═══ Data to use ═══

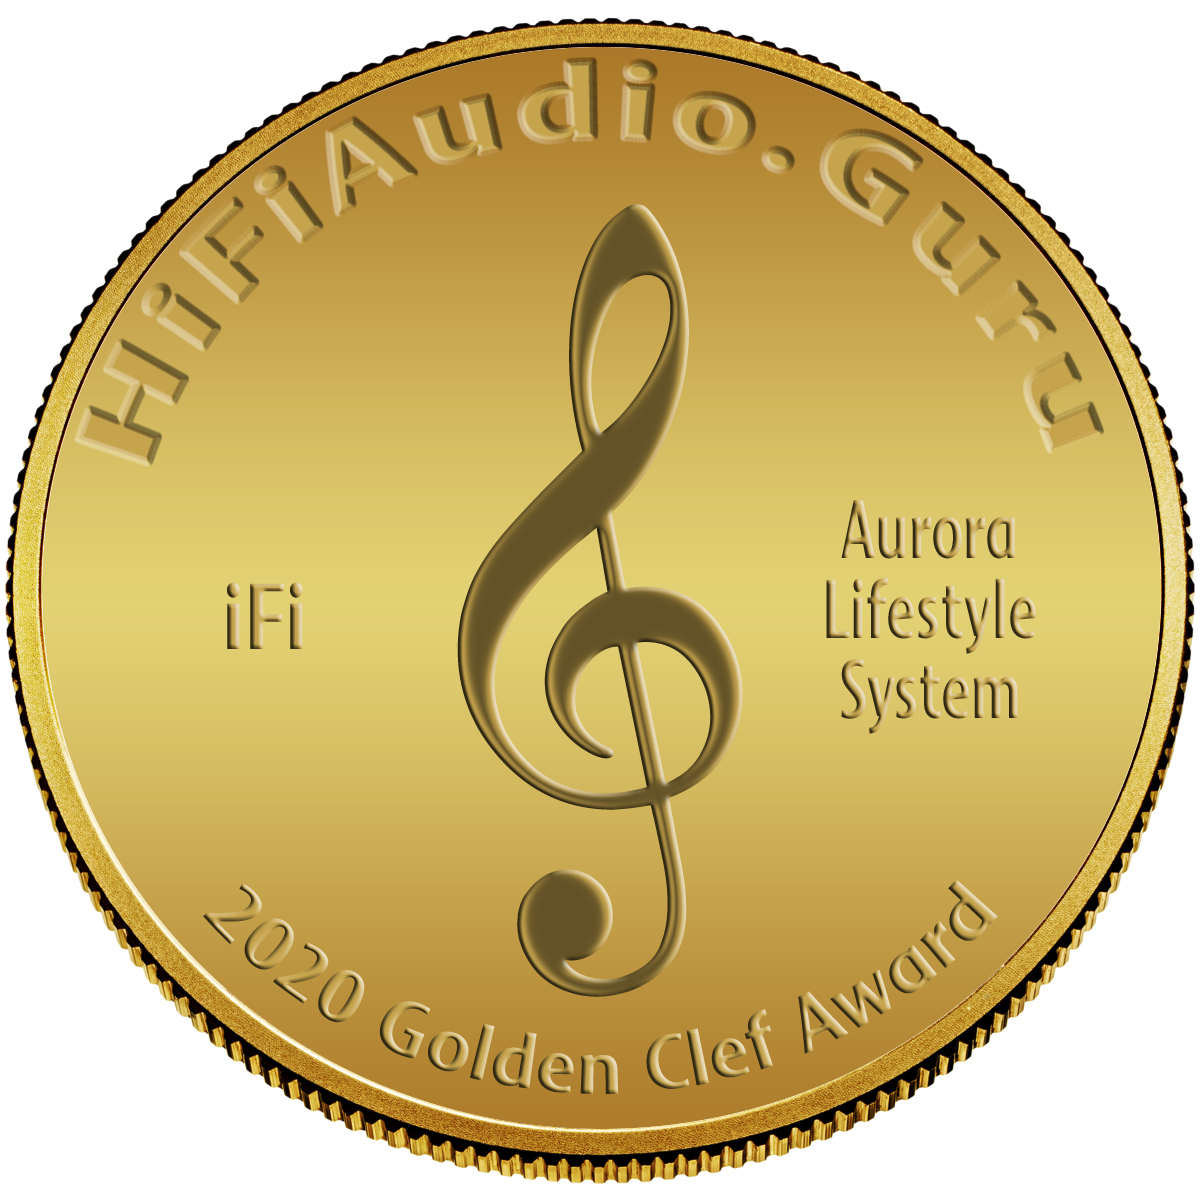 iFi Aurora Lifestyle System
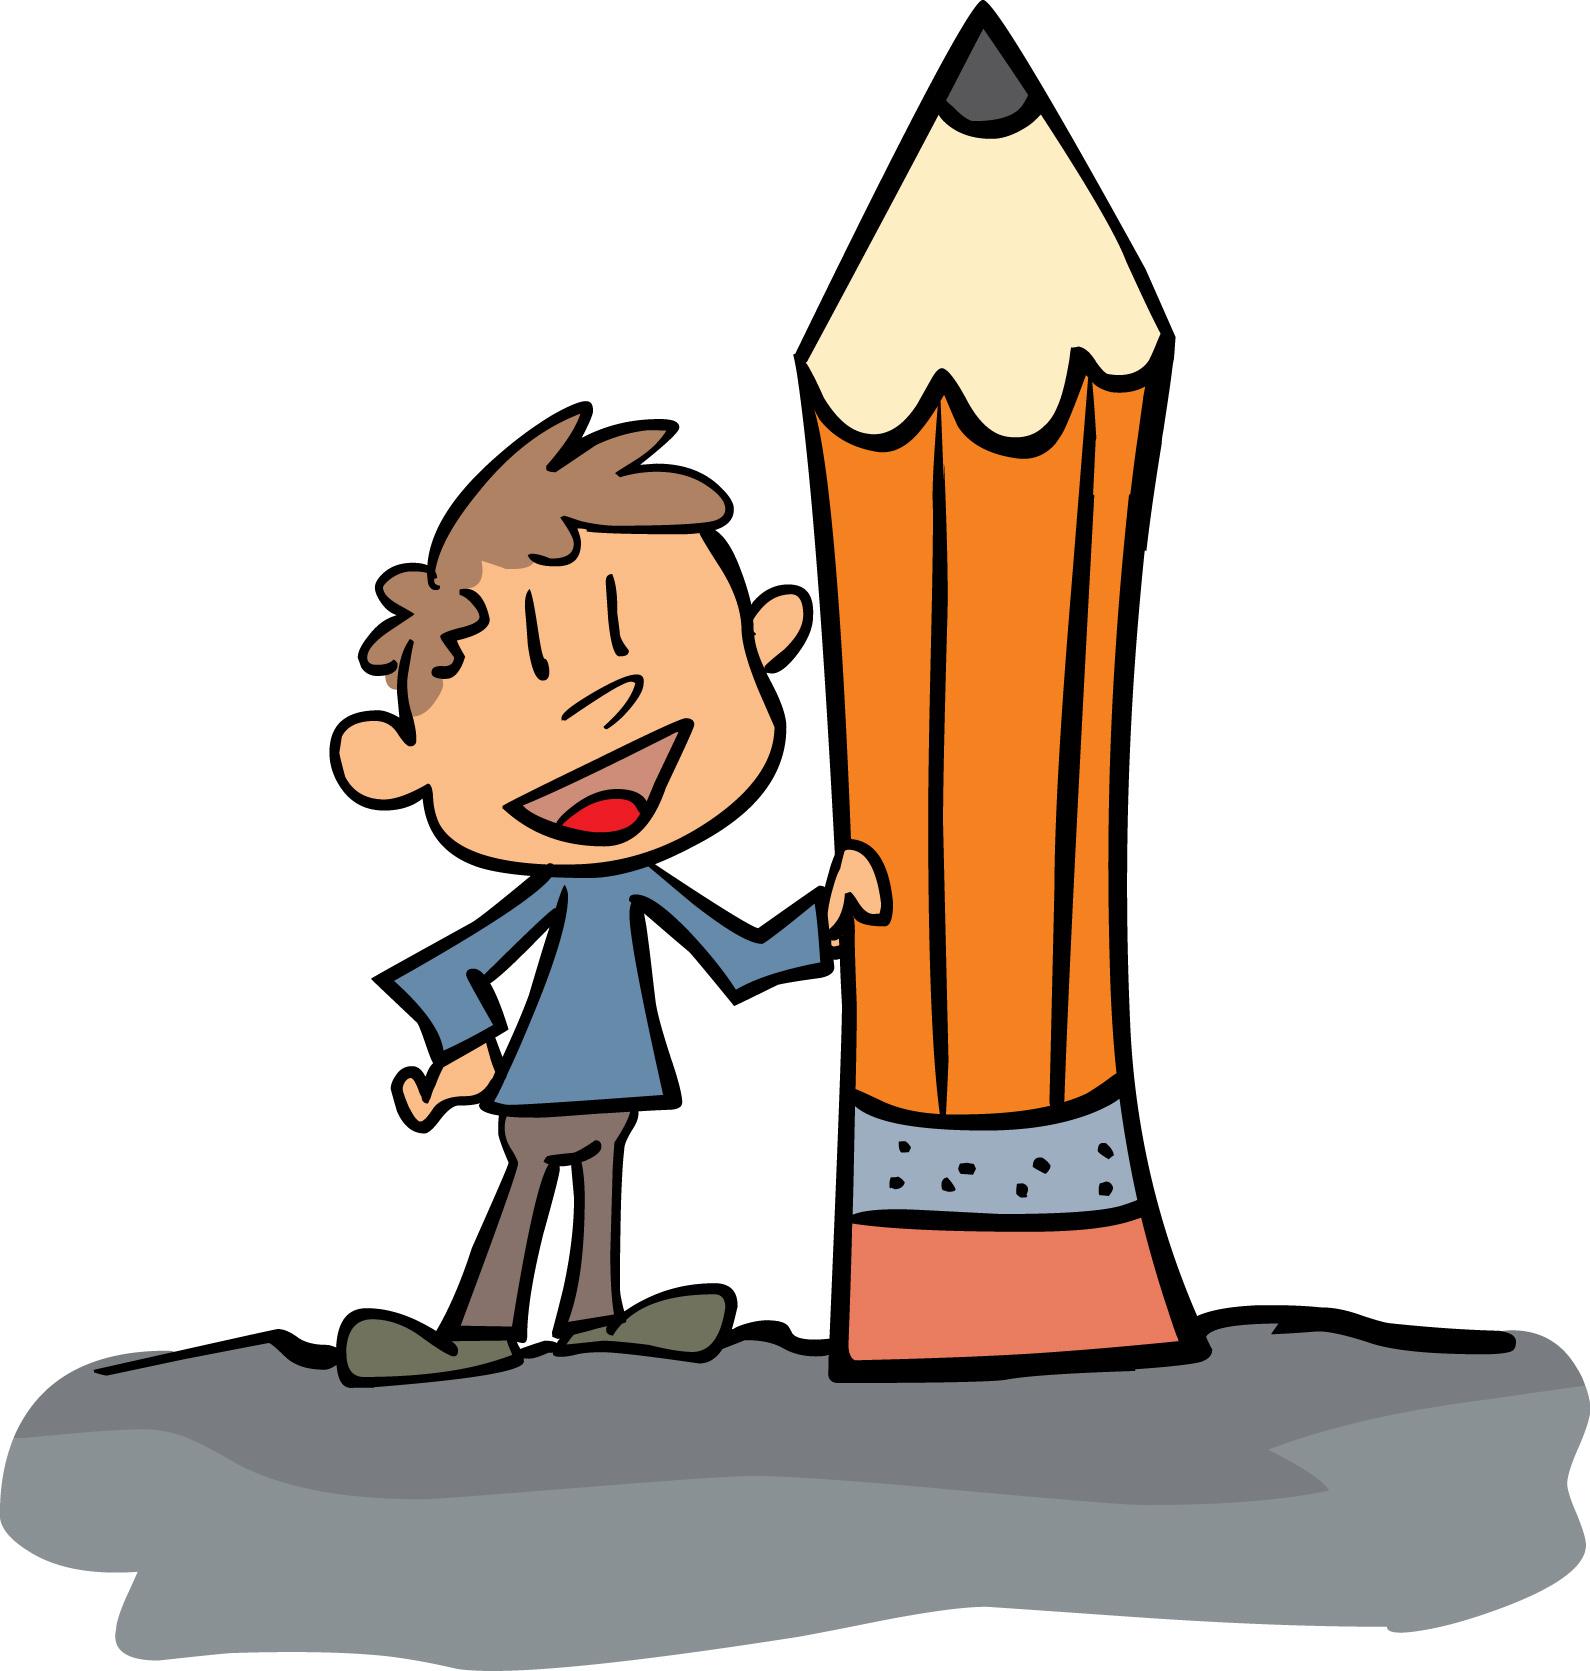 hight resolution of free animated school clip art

═══
═══ Data to use ═══

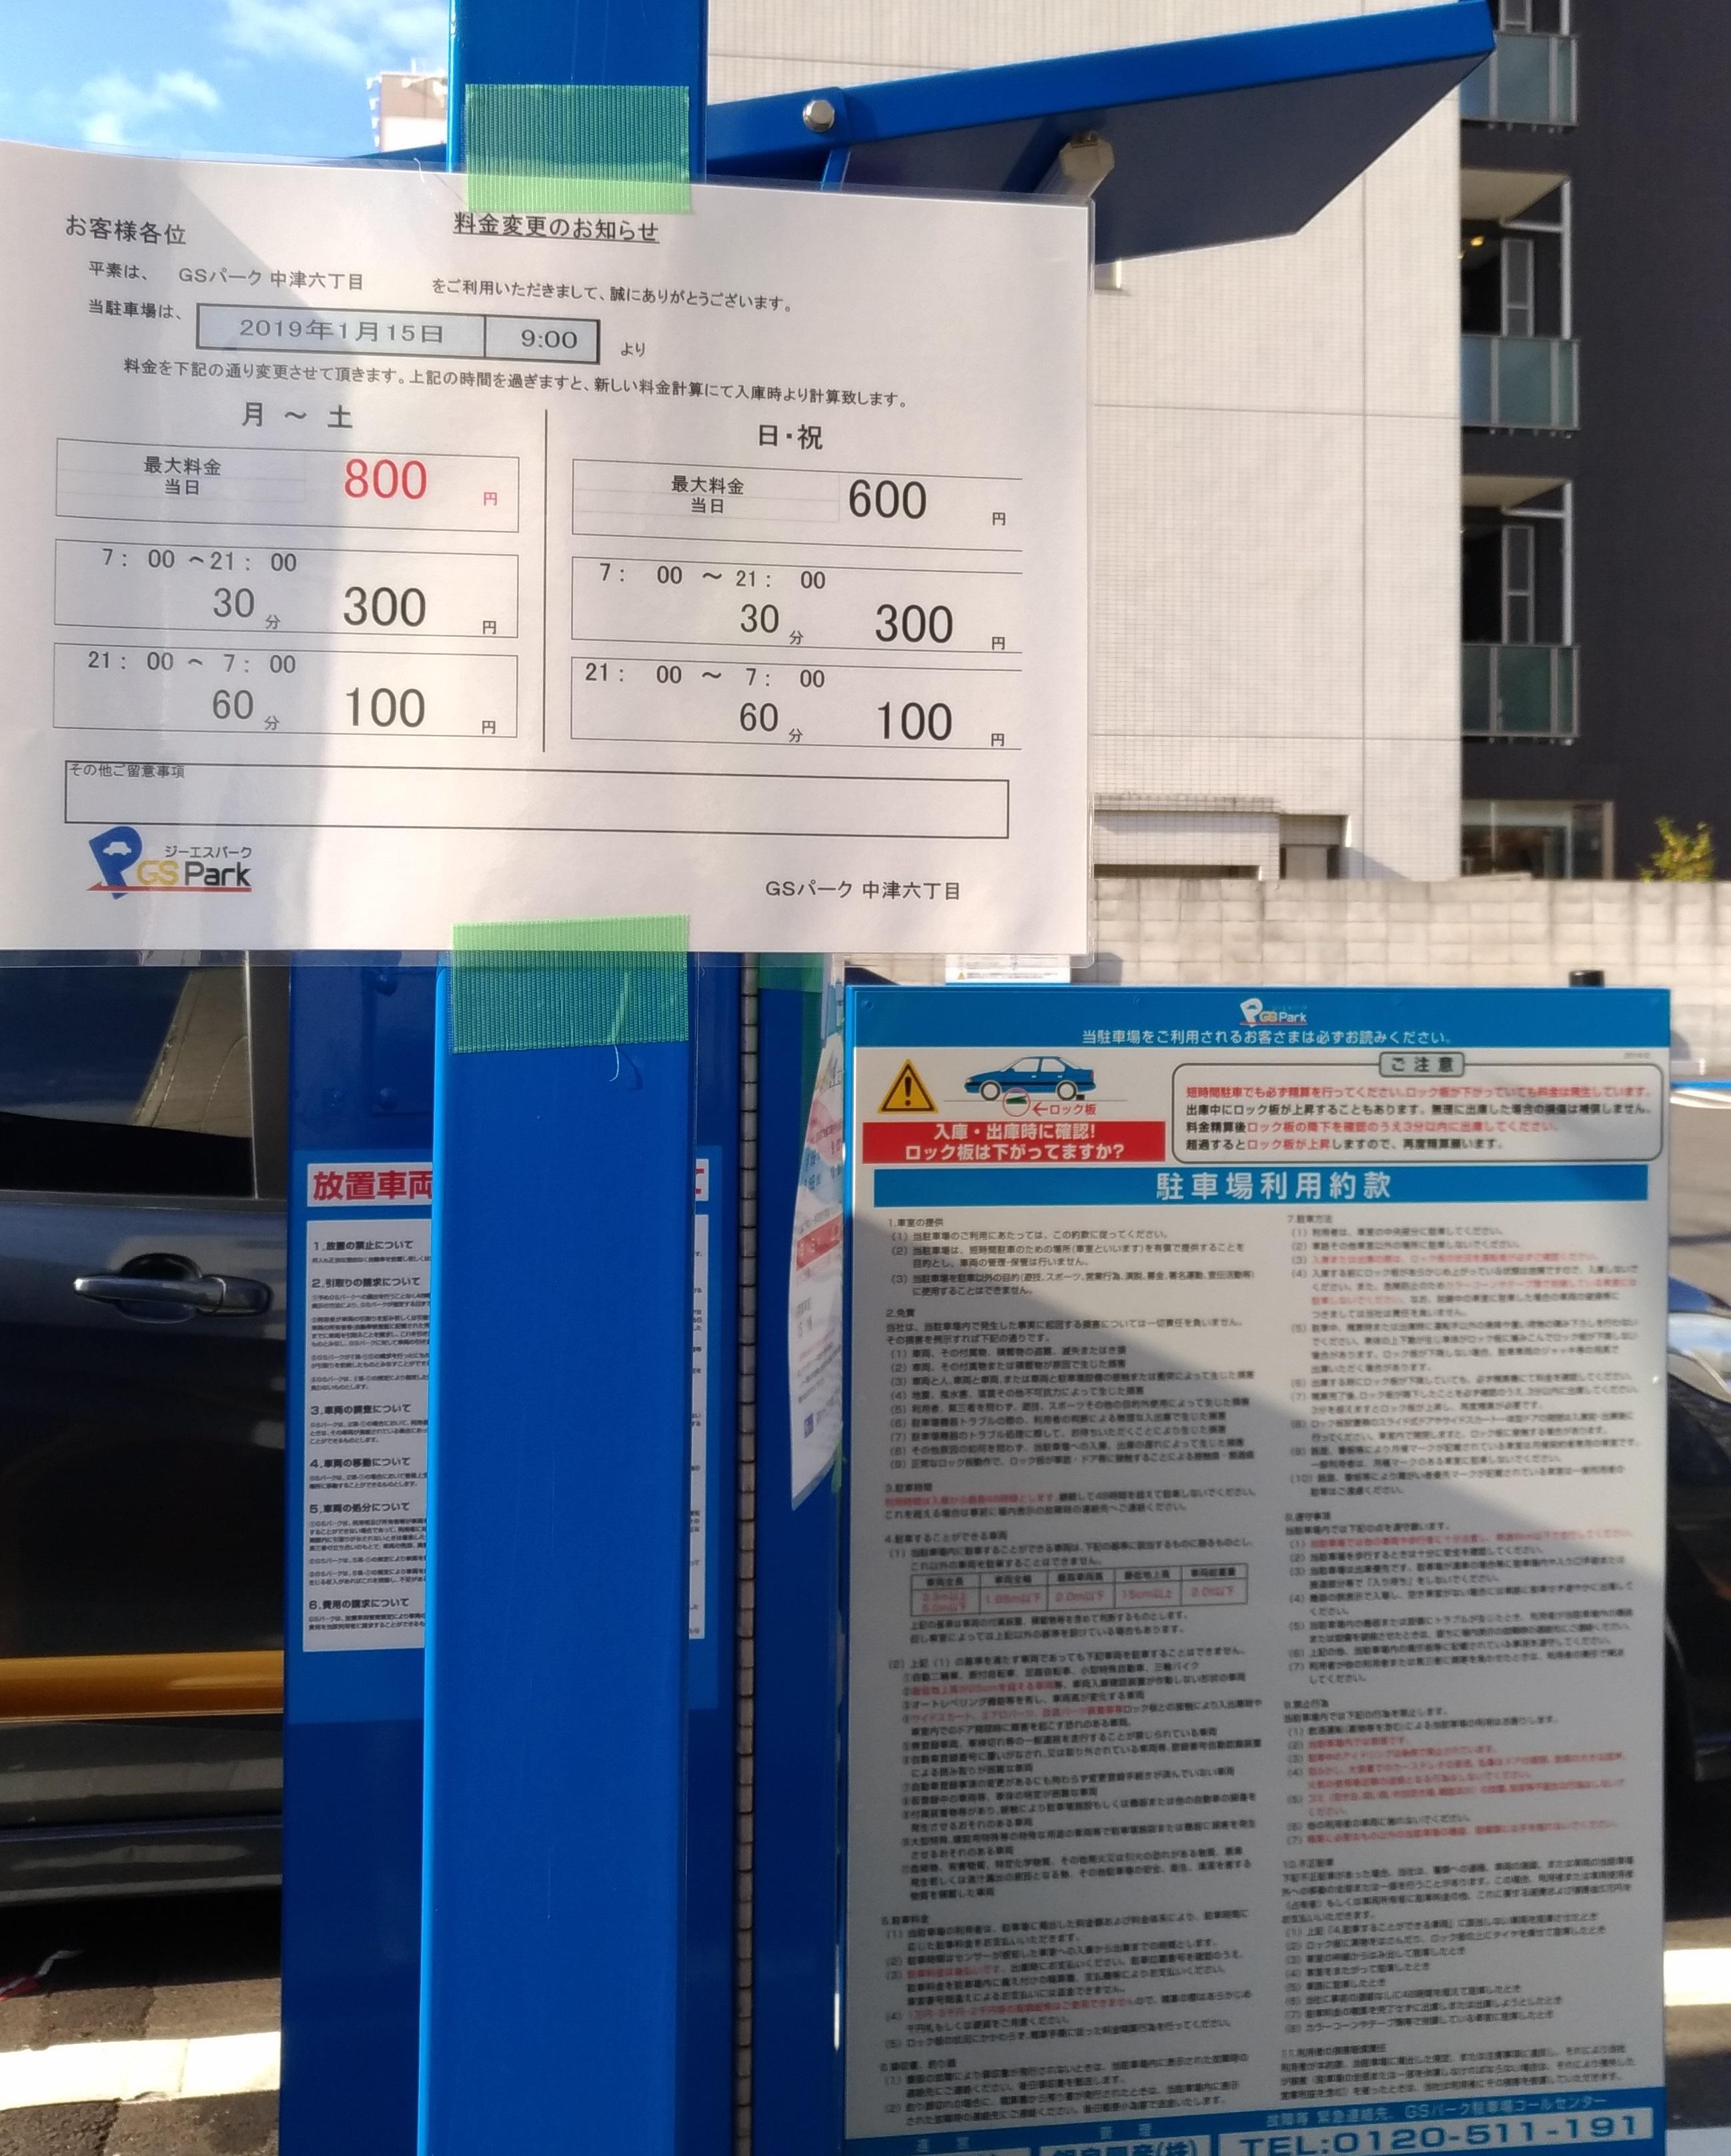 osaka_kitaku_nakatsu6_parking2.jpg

═══

● **What you are asked to do**
Drop the pictures; return the lines above from the line containing "iFi Aurora Lifestyle System" to the line containing "hight resolution of", both included, exactly.

● **Answer space**
 iFi Aurora Lifestyle System
 hight resolution of free animated school clip art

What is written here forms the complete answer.